In conjunction with Kevin’s growing antipathy for the world around him, Eva is alarmed by a series of “accidents” and disturbing events in which her son may have played a part. Kevin’s sister is blinded in one eye as a result of a suspicious accident; an unknown person plants incriminating evidence in the lockers of popular students, evidenced that suggests that they are budding terrorists or racists. Kevin acquires a “friend” who appears to be as maladjusted as he is, and the two boys create a plot that involves accusing a teacher of sexual improprieties; the local police show up inquiring about an alleged “prank.” Someone is dropping rocks and bricks from an overpass onto motorists.
Unfortunately, Eva’s growing distress is not shared by Franklin. What she sees as danger signals, Franklin sees as the robust vitality of a growing boy. When Eva confronts Kevin, Franklin invariably springs to his defense and assumes the role of a tolerant father who encourages his son’s interest in hunting by buying him an assortment of weapons ... including a crossbow. Franklin also promotes a series of father-son activities such as camping and visiting historic sites … including Vietnam. Perhaps the most poignant aspect of this relationship is the growing evidence that Kevin despises his father and will create a special punishment for him.
As the fateful date approaches — April 8, 1999 — Eva becomes increasingly anxious. Later, she will recall in detail the last family breakfast. Especially noteworthy is Kevin’s remark about his mother’s affectionate goodbye to Celia, the sweet and timid daughter. “Sure you don’t want to say goodbye to Celia one more time?” In the years to come, she will wonder if Kevin was hinting about the unthinkable acts that were to come.

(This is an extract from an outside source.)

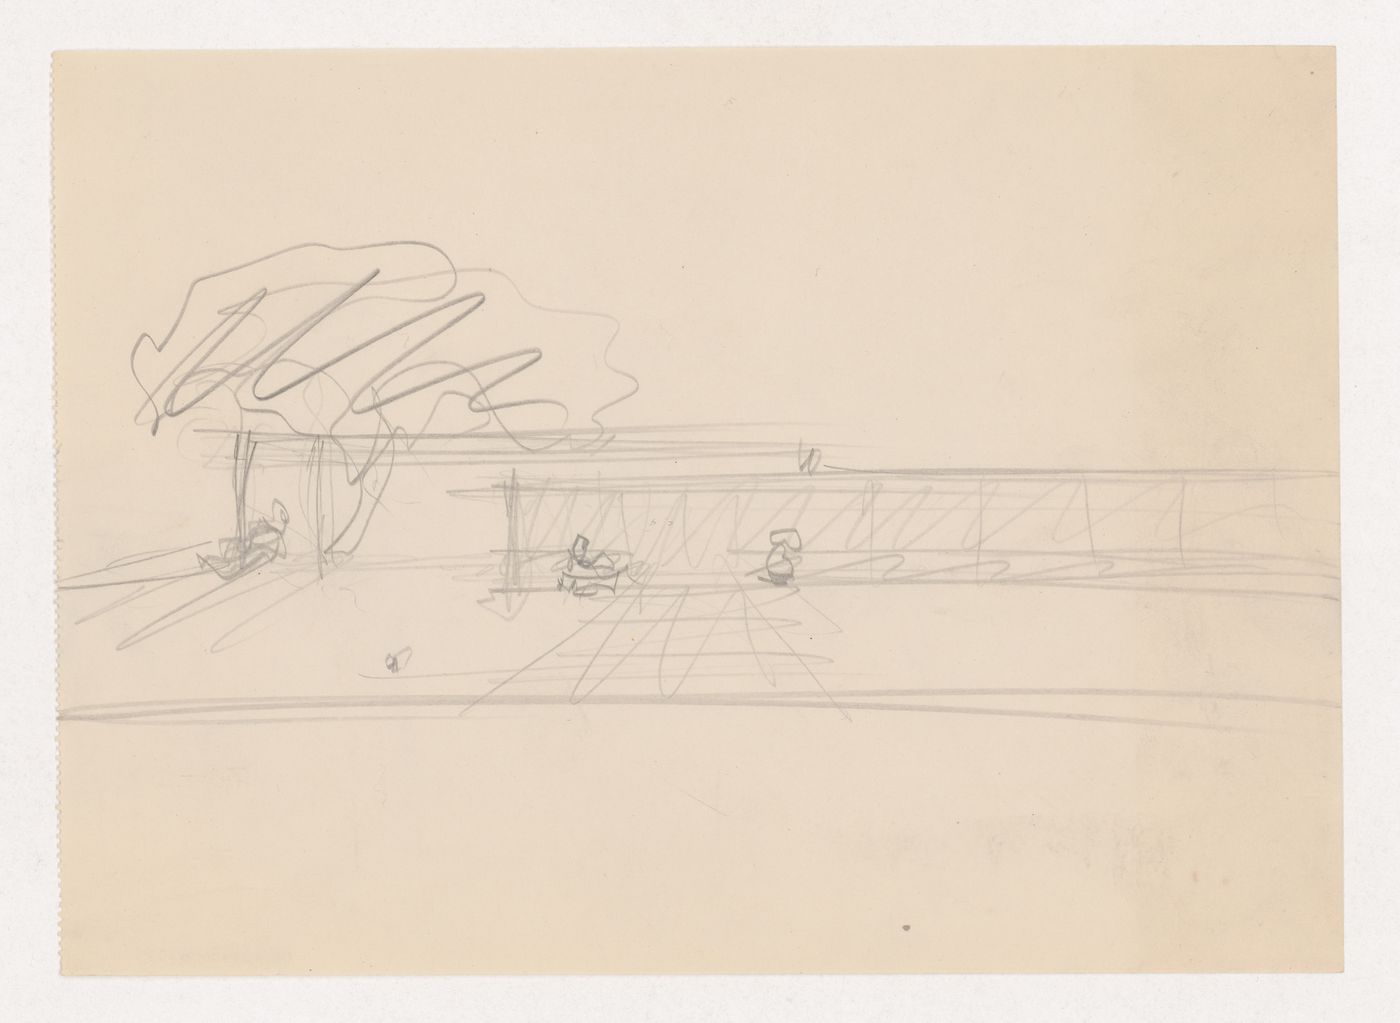 Perspective sketch for the Metallurgy Building, Illinois Institute of Technology, Chicago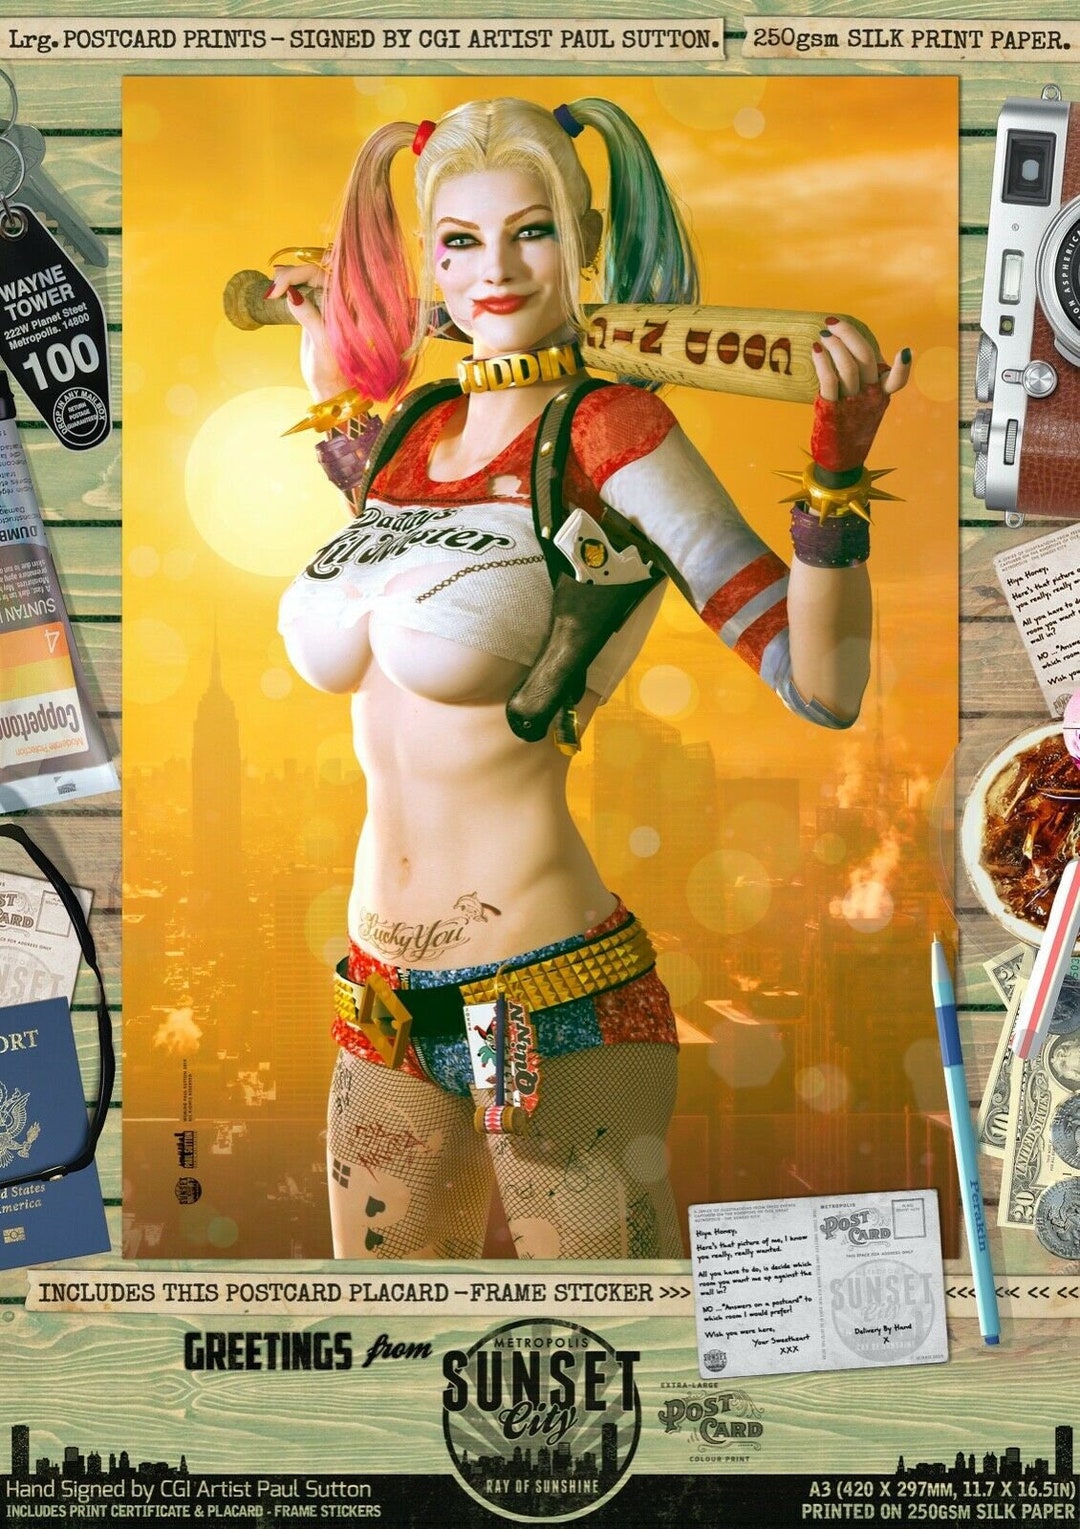 Suicide Squad Film Posters - Harley Quinn - Option 1 - A3 & A4

We Need to Talk about Kevin will probably become a celebrated and hotly-debated book in the coming months. The fact that there is already a movie version in the theaters, featuring the brilliant actress Tilda Swinton, suggests that Hollywood is mindful of the fact that both the film and the book may prove to be “significant.” Eva, faced with the decision of hiring a lawyer to defend Kevin, observes that “We live in a time where lawyers see trials as games, not morality plays.” She is right, of course, when she continues, “We live in a country that does not discriminate between fame and infamy.”
A number of critics are comparing We Need to Talk about Kevin to works such as Rosemary’s Baby, and admittedly, I was reminded of a Ray Bradbury short story, “The Little Assassin” and a marvelous book by William March (circa 1950s), The Bad Seed. However, Lionel Shriver’s novel is no mere “spook” tale. Although it is a disquieting novel with a “Grand Guignol” ending, there is more here than a momentary scare. It poses a provocative question: why are these massacres happening? Is there a hidden cord, a motif that bounds them together? Is it, as Shriver suggests, a desperate yearning to become “special” in some way in a world where they feel both purposeless ... and anonymous?
We Need to Talk about Kevin by Lionel Shriver. Harper Perennial 2012. 500 pages.